Physical and Mental Condition

As described last year, Mind Points have been replaced by stress, which accumulates over successive failure, deprivation, or exacting activity. Stress is a percentage measurement that is easy to get rid of when you don't have much of it, but sticks around a lot longer when it's a measurable amount. When stress is over 50%, it becomes a failure chance for all skill checks.

Stamina/Endurance (I'm not sure what name I'll use for it; the fact that Stamina and Stress both start with the same sound seems like a powerful argument for and against it) is your overall physical energy, used up by physical activity. I've made the general rate of stamina burn fairly low for most tasks. The accumulation of stress and waste of breath (see below) will be used to space out activity more so than the spending of physical energy.

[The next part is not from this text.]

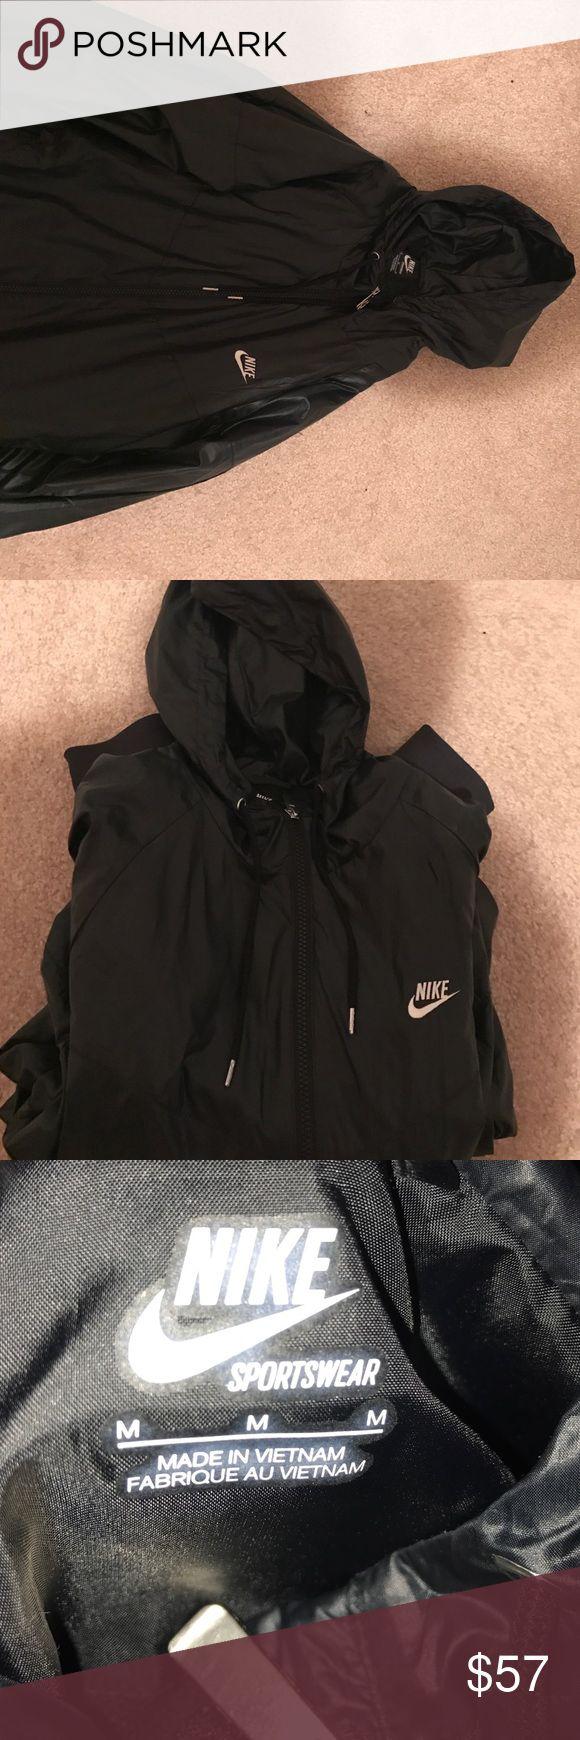 Waterproof Nike jacket EUC Black waterproof Nike jacket. Size M. The jacket has barely been worn. lululemon athletica Jackets & Coats

Breath is a short-term version of stamina. Breath is an answer to a problem that old HrH had with its "energy economy", where characters who were forced to exhaust themselves far from home were kind of out of luck, and characters who were engaged in labor would just have a cycle of burning down their Endurance Points and then sleeping. Breath, like Stamina/Endurance, is used up for physical activity, but as soon as you stop using it up, after a short delay (longer depending on how low you let your Breath get, but never very long), it starts to refill very quickly. However, if you do something that would spend Breath and you don't have any? Your character gets winded. While winded, you can't move or perform most actions, and your breath doesn't refill.

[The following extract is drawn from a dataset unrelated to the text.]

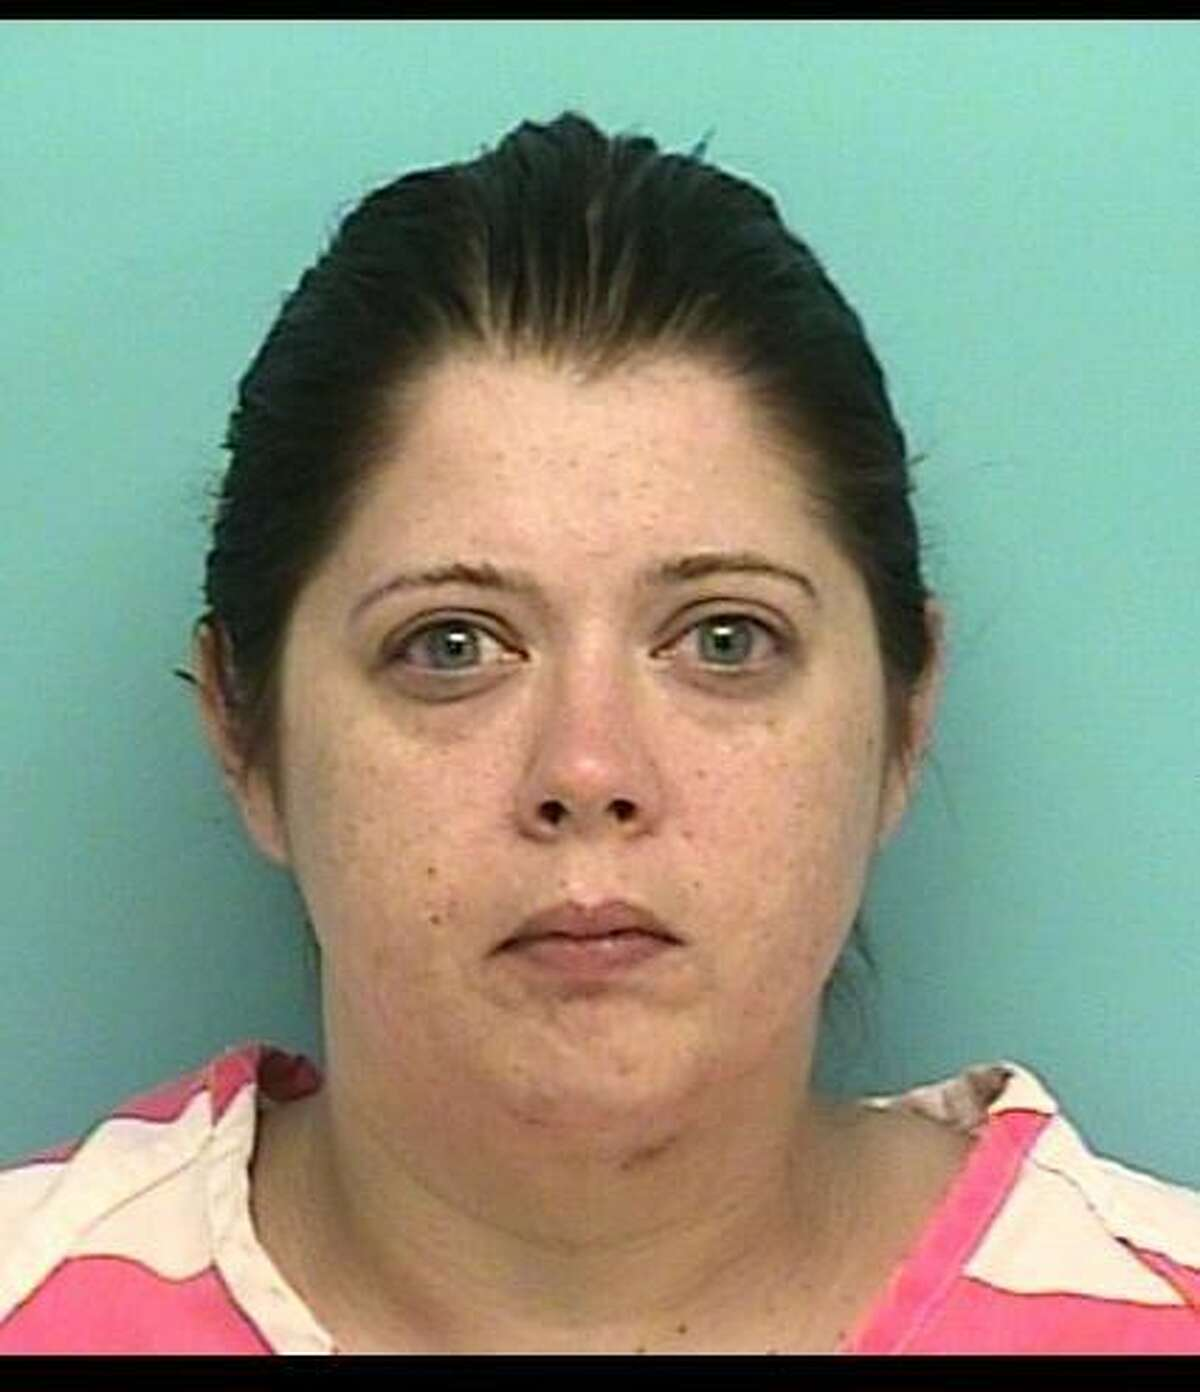 "CASLER, Melanie AmberWhite/Female DOB: 05/27/1977Height: 5'03"" Weight: 209 lbs.Hair: Brown Eyes: BlueWarrant: # 120404531 Bond ForfeitureTheftLKA: Timberlane, Humble."

An untrained character with normal physical fitness can get winded running full-out for the length of a single map region. One with higher fitness and running skill can run for multiple map segments while their breath slowly drains, then stop briefly to catch their breath and continue on without penalty.

Happiness is a single stat that replaces the ad-hoc agglomeration of various indicators of comfort and taste that old Hedgerow Hall used to modify your recovery rates. Eating good food, sleeping in comfortable places, etc., will all increase your happiness, while doing unpleasant things will lower it. Right now happiness is coded in but nothing interacts with it.

SCROUNGING!

I'm particularly pleased with how I've worked this one, as I think it captures the spirit of the original version while not relying quite so much on a lot of verb-expansion.

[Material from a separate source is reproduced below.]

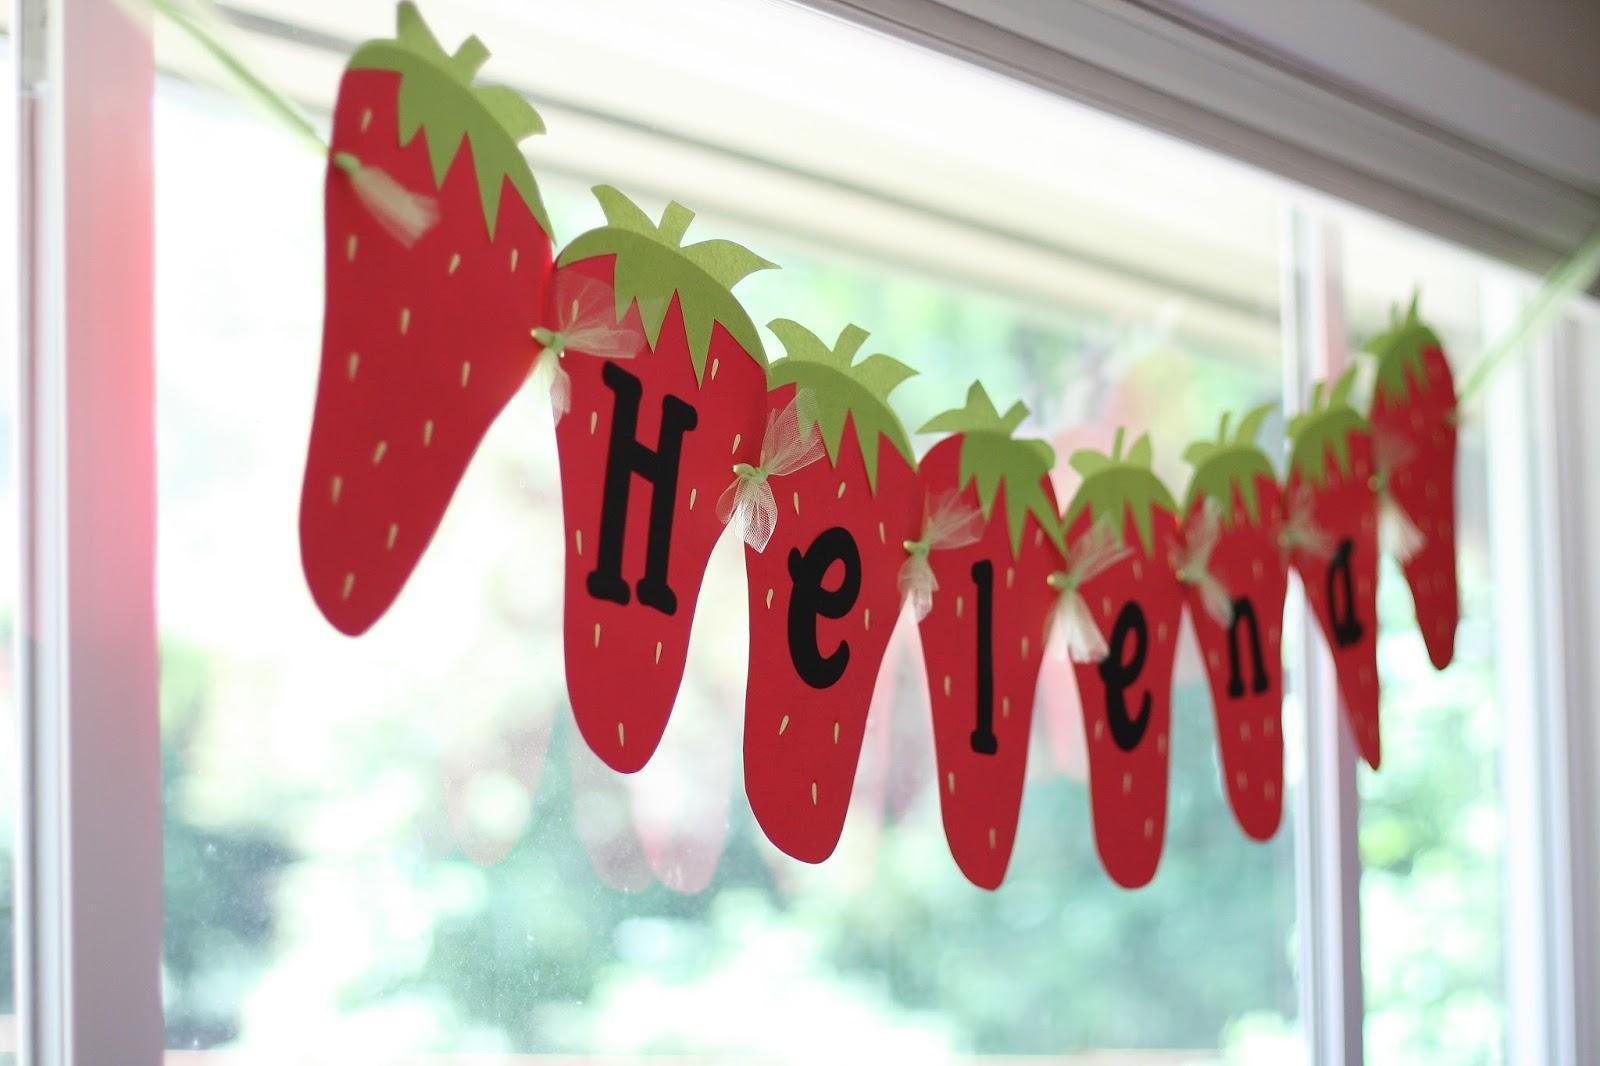 baby shower-neuf mois-fraise-banderole

Scrounging for supplies, like climbing or running, is a toggle mode. When you are scrounging, your speed is slowed and each step you take generates a scrounge attempt. (Added bonus: scrounging is now represented by someone slowly moving back and forth or all around the region, rather than standing stock still!) There's no text spam for the attempt. I would eventually like to add visual representation for scrounging, but Glitz is Not Gameplay.

You can also specify what you're looking for, which can be a category (available top-level categories so far are food, materials, and minerals; sub-categories work, too, as you can search for fruits or vegetables) or specific item. If you are not skilled in scrounging, all this does is filter your results; if a successful scrounge would have given you leaves when you're looking for berries, you just don't get anything. If you have scrounging skill, then the weighting of everything you're not looking for goes down.

As I'm talking about this, it occurs to me that I might add an alias like "valuables" that filters everything but rare items.

When I add other harvesting skills like herbalism, they will work with the scrounging system.

Scrounging uses a little endurance, but mostly it generates stress on failures, and even skilled scroungers fail more often than they succeed, requiring you to pace yourself.

Because each map region has its own area, "resource depletion" will function at a per-map-region level, though it is not yet present.

Mmmmm parsers tho :D
Yessss (to all of that)
\o/
Wow. I come back to BYOND after a long break to see this? I am thoroughly satisfied.